44 Lenin Avenue

A researcher's journey to Siberia

Storytelling and narrative devices

Filed under: Methodology — Wilson Bell at 11:38 pm on Wednesday, February 15, 2017  Tagged , ,

Historians tell stories. That’s our job, or part of it. Unlike the novelist or filmmaker, however, historians are limited–at least in part–by available evidence on a given topic. We cannot, in other words, just make things up. This limitation aside, however, there remain almost countless ways that historians can tell stories, and almost countless methods by which historians access the past. For the “44 Lenin Avenue” project, I am trying a new type of storytelling, at least for me: a series of small stories, almost vignettes, of events that all took place within the same building, but in different eras. The story of the building, then, is the narrative thread that holds together the other stories (murder in 1909, Solzhenitsyn’s visit to the building in 1994). While unusual for academic publishing, this type of storytelling is not unique. Here’s a list of a few influences and/or similar types of storytelling projects:

  • Timothy Brook, Vermeer’s Hat. In this book, Brook examines the increasingly globalized world of the 17th century through a series of paintings by the Dutch painter Jan Vermeer, all painted in his studio in the town of Delft. Brook uses these paintings as windows into broader currents of global history. The paintings are thus a fun and useful narrative device to tell stories as far apart as a shipwreck of a Portuguese vessel off the coast of China, to Champlain’s search for a waterway that would take him through North America.
  • Ivo Andric, The Bridge on the Drina. Andric’s book is historical fiction, but follows the history of Bosnia and the Balkans from the 16th century to World War I by examining the life of the bridge, and the stories of those who were impacted by it. Andric paints a vivid picture of the importance of place, both how a place can affect the broader world, and how the broader world affects that particular place.
  • Francois Girard, dir., “The Red Violin.” I really loved this movie when it came out in 1998, a series of vignettes all based around the many owners of a mysterious red violin. Like The Bridge on the Drina, this story spans several centuries.
  • In the end, my method of storytelling in “44 Lenin Avenue” will hopefully resemble a layered microhistory, in which the story of the building is one such microhistory, and each event is its own microhistory. In this I am influenced both by Natalie Zemon Davis‘s classic, The Return of Martin Guerre, as well as Jill Lepore’s definition of microhistory as contrasted with biography (below), although I make no claim to even a tenth of their storytelling abilities.
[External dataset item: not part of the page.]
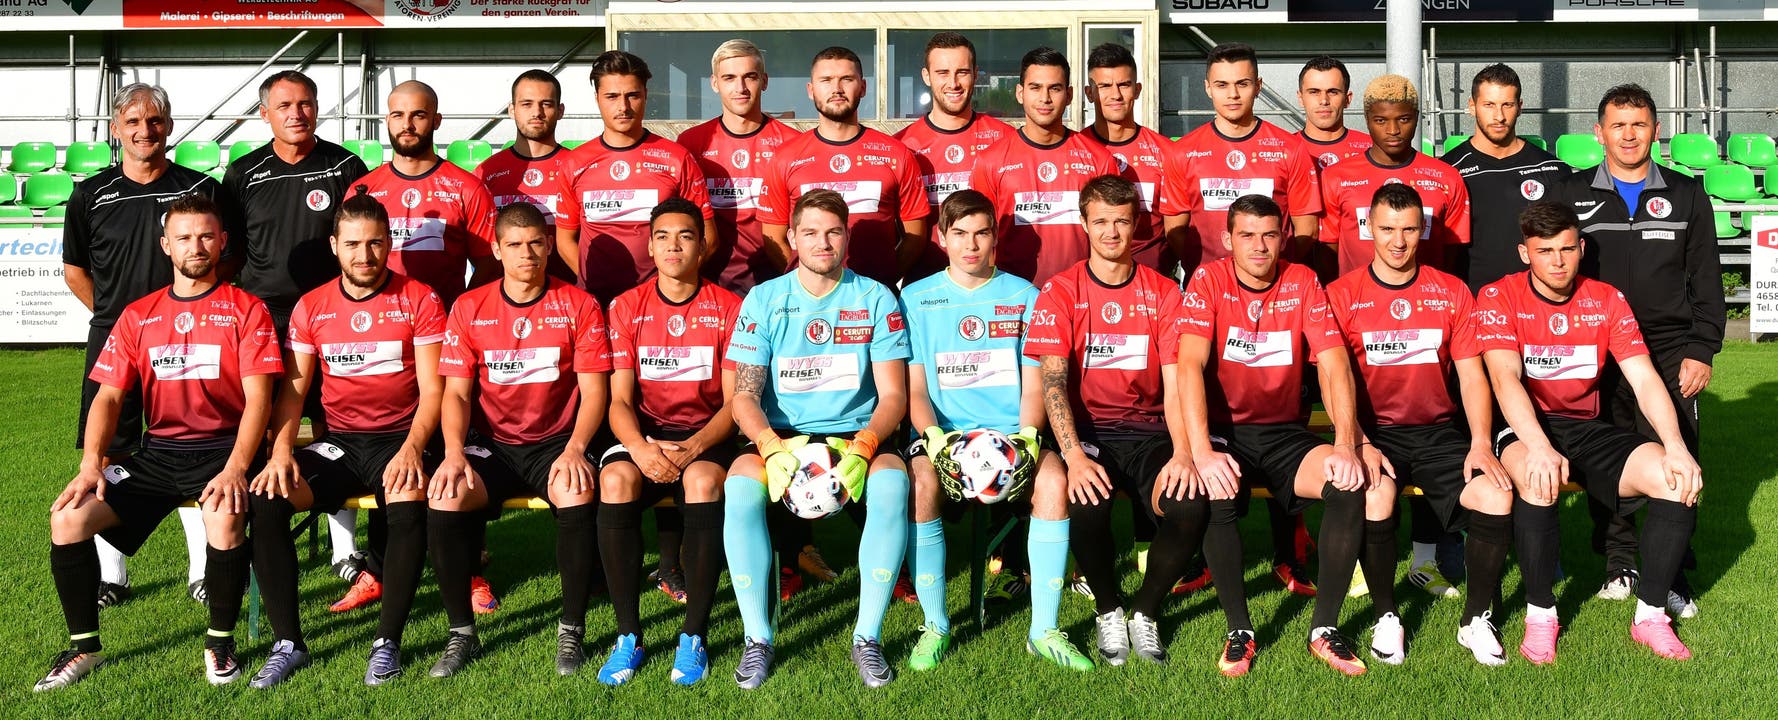 Die Mannschaft des FC Wangen in der Saison 2016/17

If biography is largely founded on a belief in the singularity and significance of an individual’s life and his contribution to history, microhistory is founded upon almost the opposite assumption: however singular a person’s life may be, the value of examining it lies not in its uniqueness, but in its exemplariness, in how that individual’s life serves as an allegory for broader issues affecting the culture as a whole

– Jill Lepore, “Historians Who Love Too Much: Reflections on Microhistory and Biography,” Journal of American History 88.1 (2001): 129-144, quotation on page 133.